§ **Problem**
Starting at the first line of the data, print each line verbatim up to and including the line bearing "It was handcrafted", omitting pictures.

§ **Available data**
-- Opening Marker --

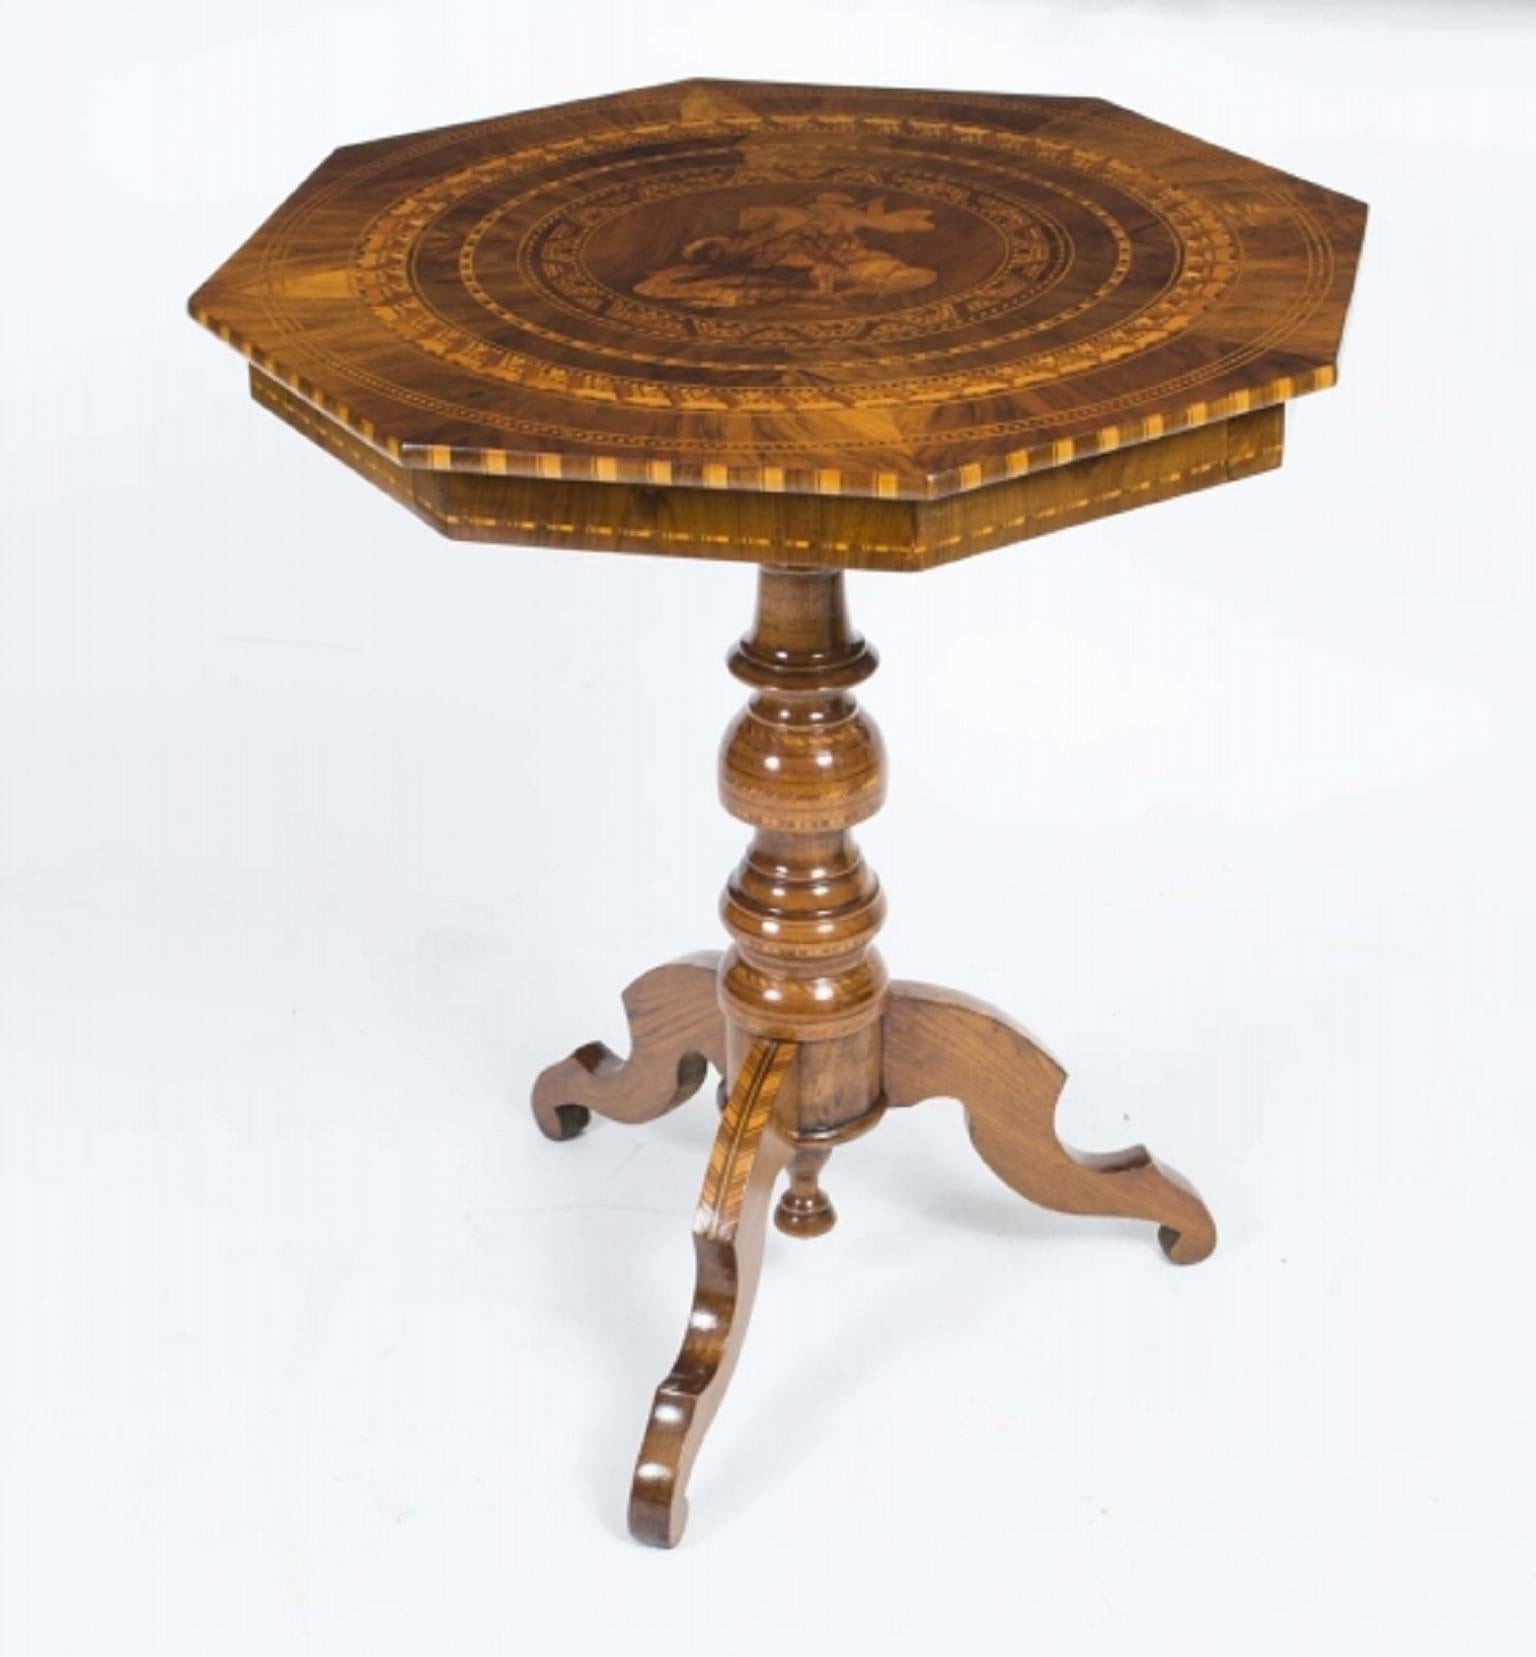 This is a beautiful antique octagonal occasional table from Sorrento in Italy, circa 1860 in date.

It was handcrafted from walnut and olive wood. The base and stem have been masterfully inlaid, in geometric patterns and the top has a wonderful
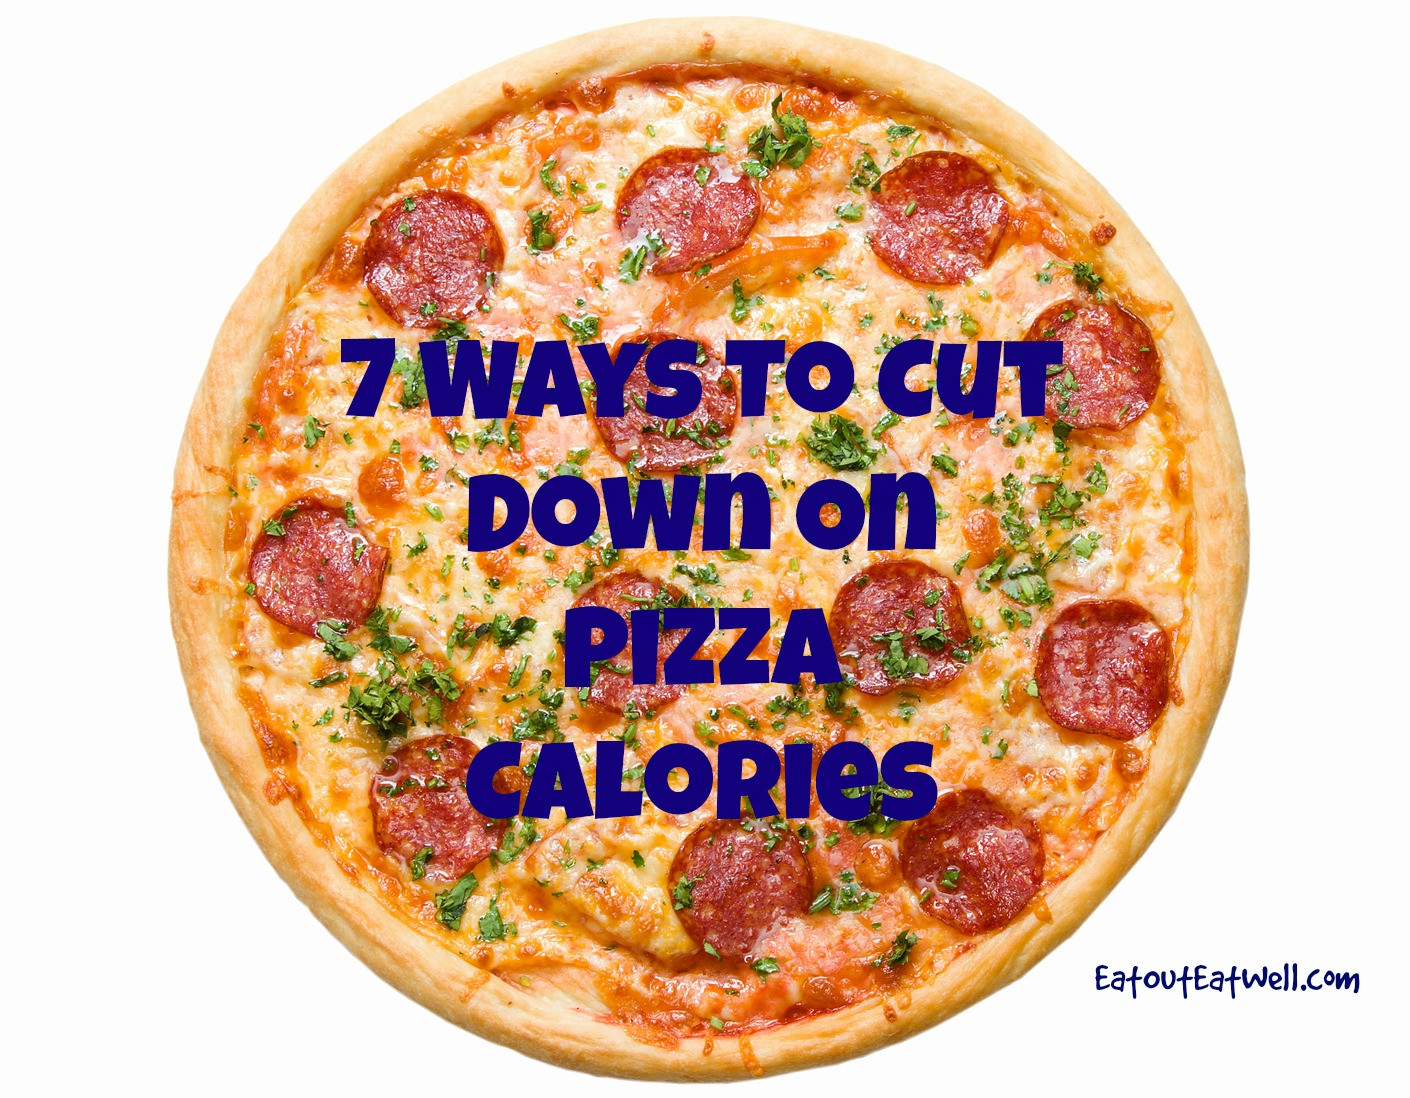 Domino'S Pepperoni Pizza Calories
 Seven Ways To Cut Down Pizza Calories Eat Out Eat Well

-- Closing Marker --

§ **Result of the exercise**
 This is a beautiful antique octagonal occasional table from Sorrento in Italy, circa 1860 in date.

It was handcrafted from walnut and olive wood. The base and stem have been masterfully inlaid, in geometric patterns and the top has a wonderful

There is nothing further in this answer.